Meta-Market-Monitoring
Interactive databases of the battery value chain
Data from October 2023
A relevant component of sustainable battery production is the closing of the value-added cycle through recycling. This enables the recovery of raw materials, which can then be used again for battery production. The materials that are recycled can come from production waste or from batteries that have reached the end of their life and must then be collected and reprocessed. In the tool window, the capacity of the announced recycling plants is made up of so-called Spoke plants. A further explanation can be found under the tool window.
In addition to the capacities of recycling plants, the tool window shows both the quantity of batteries to be recycled and the quantities of raw materials that can be recovered from recycling.
If, for example, batteries are no longer suitable for the originally intended application due to capacity losses, they can first be used in so-called second life applications, such as stationary storage (in which only lower energy densities are required), as a life extension measure. This ensures optimized use and, at the same time, improvements in the life cycle assessment.
The recycling process in larger commercial plants is usually divided into two parts. Whole batteries for recycling must first be pre-sorted and discharged as completely as possible, then they are crushed. After that, aluminum and copper can be removed. This first step takes place in the Spoke facilities (those capacities are indicated above in the tool). The remaining material, the so-called black mass, can be processed in different ways. Two main options are available for this purpose. In the pyrometallurgical process, the mass is heated and then manganese, cobalt and nickel are recovered from it. In the hydrometallurgical process, the black mass is dissolved in liquid and chemically separated. Nickel, cobalt and lithium can be recovered in this way. It is also possible to combine both processes. These steps take place in the so-called Hubs.
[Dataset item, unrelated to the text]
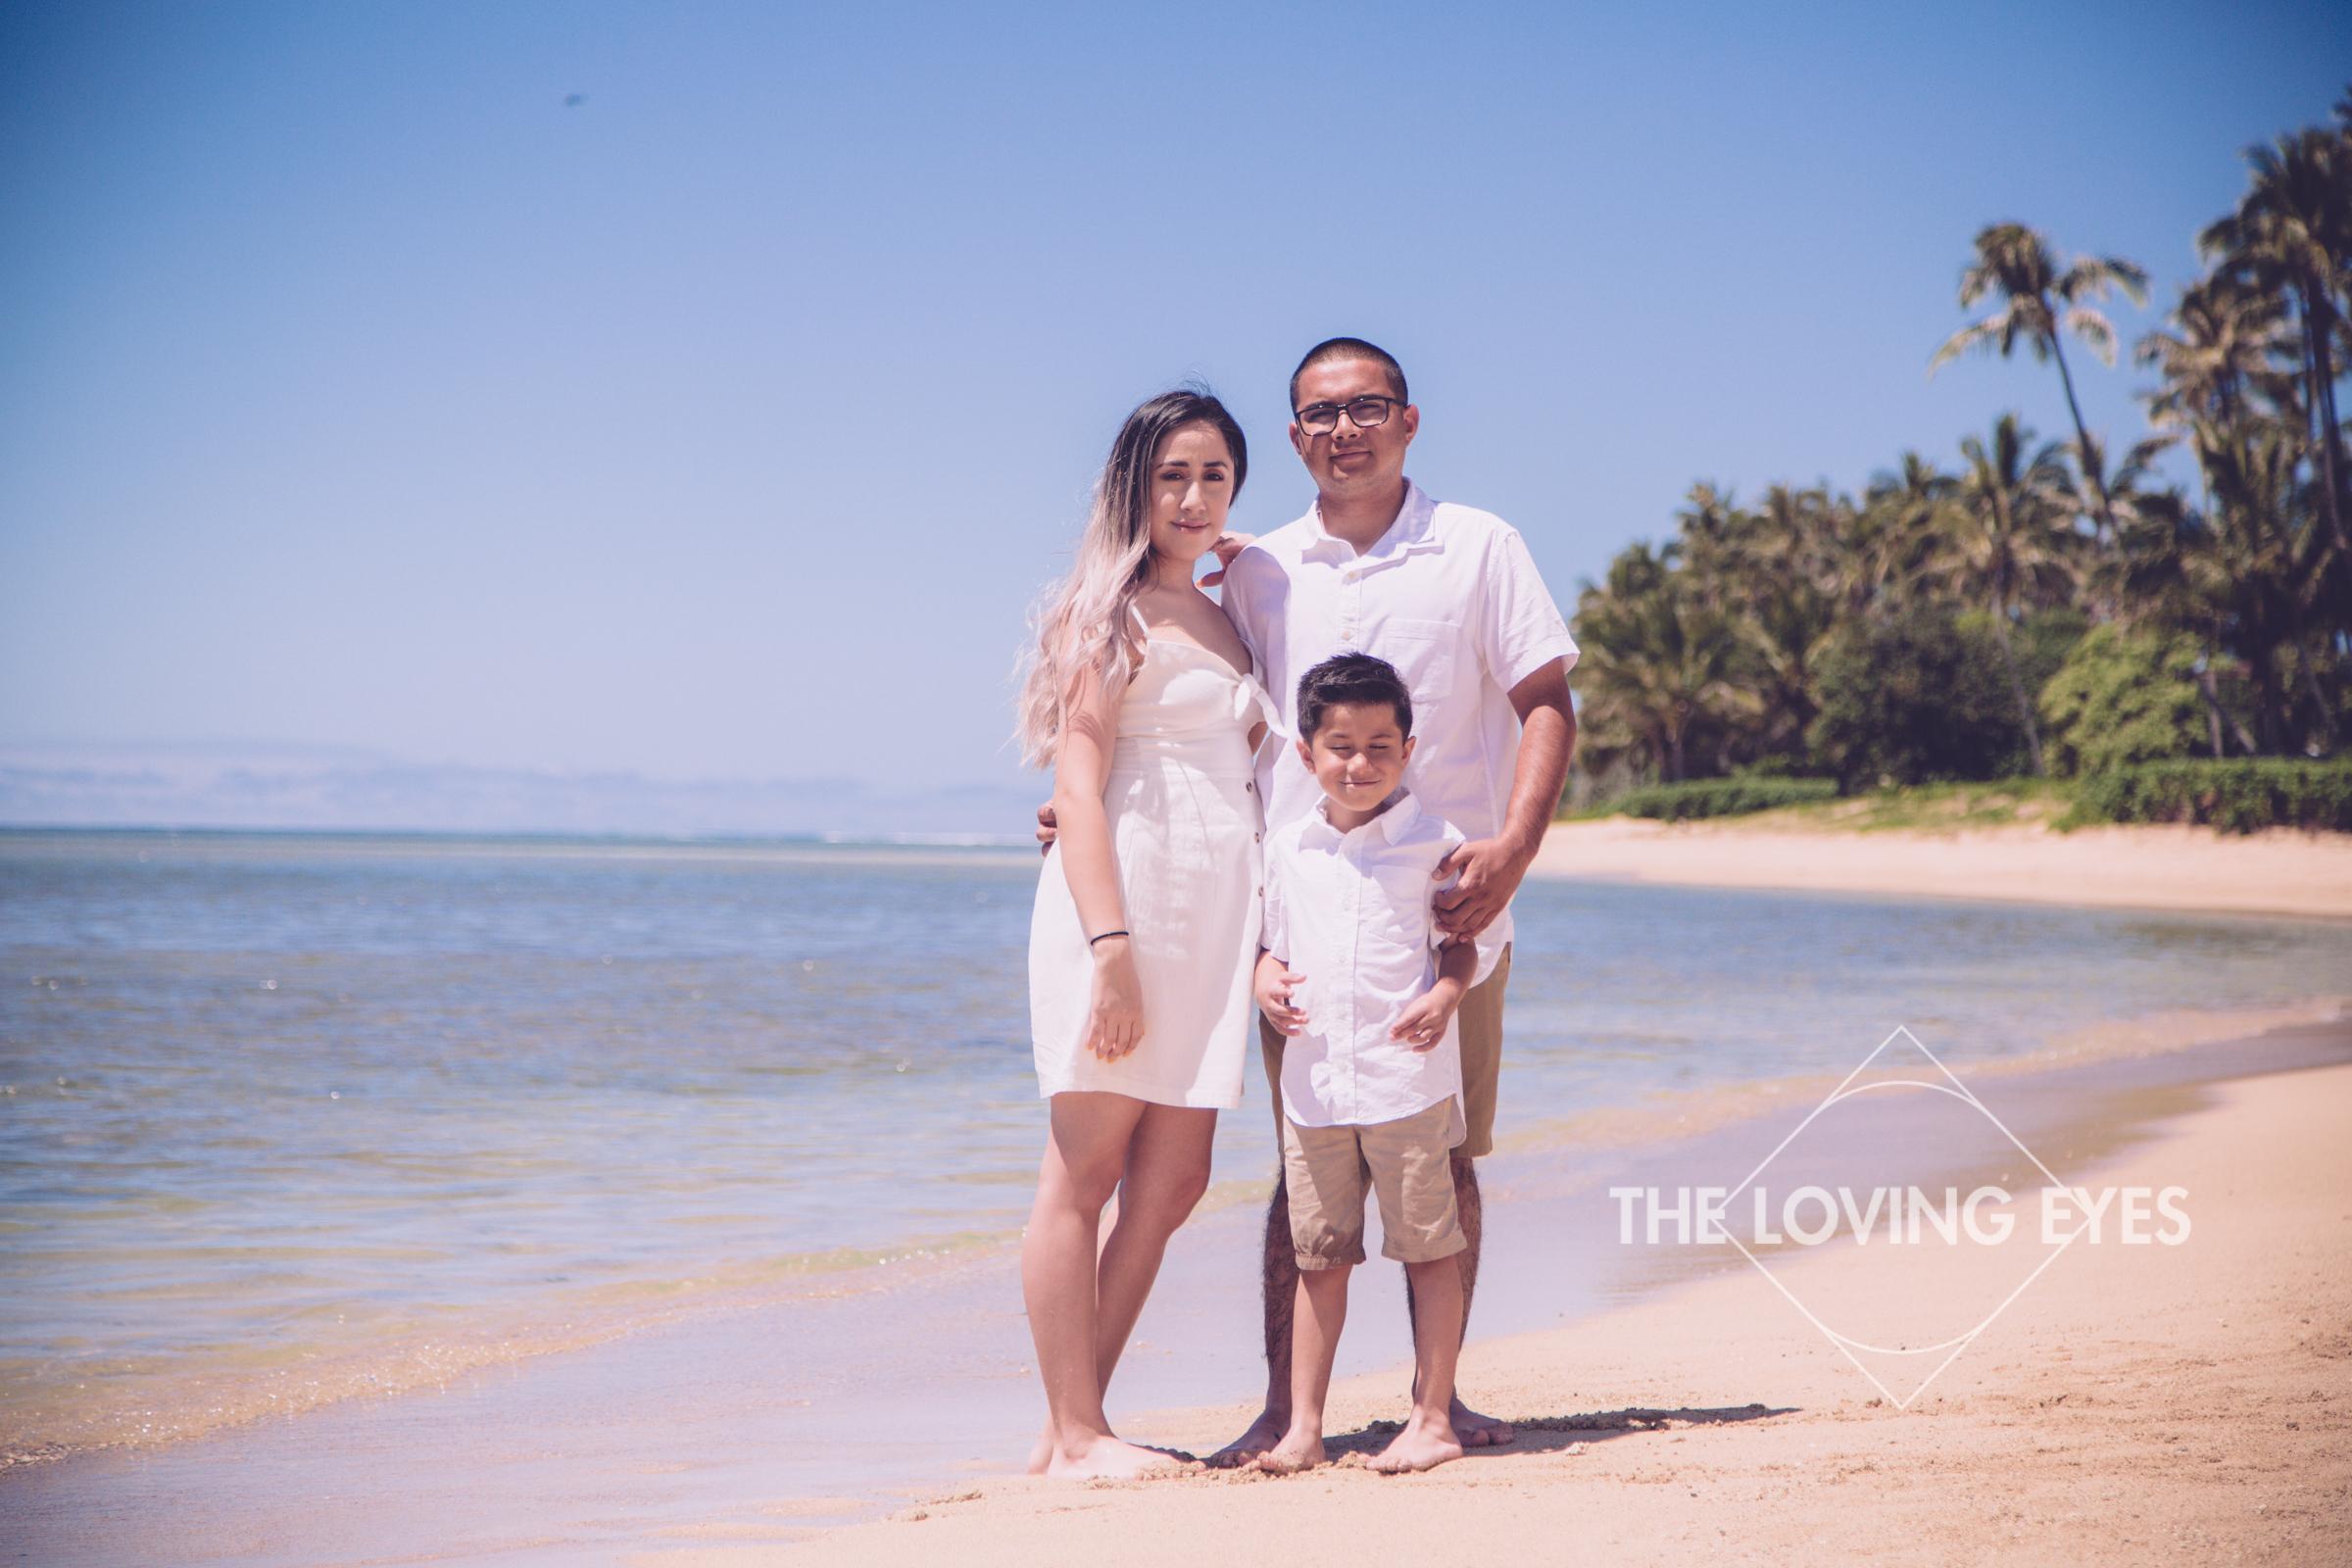 Hawaii vacation beach photo-5.jpg

Larger recycling volumes only occur when large volumes of used batteries are returned from electromobility. For this reason, the ramp-up of recycling sites is delayed to the ramp-up of cell production (see cell tool window). Today, there are established manufacturers mainly in Asia. There are already larger amounts of production waste there today. In addition, American suppliers already have waste batteries for recycling due to the early market entry of Tesla or early sold Toyota hybrid models.
By 2030, it is estimated that 1.5 to 2 Mt of spent batteries per year can be returned to recycling. However, even greater growth in recycling volumes will occur after 2030. In Europe, plants totaling over 300 kt recycling capacity have already been announced.
Recycling represents an opportunity for Europe to gain alternative access to missing primary raw materials for European cell production. However, due to the losses during recycling as well as the growing market, primary raw materials cannot be completely dispensed with. Cobalt is an exception. Due to declining quantities in the cathode material, the quantities recovered through recycling may be sufficient for the production of new batteries in the future.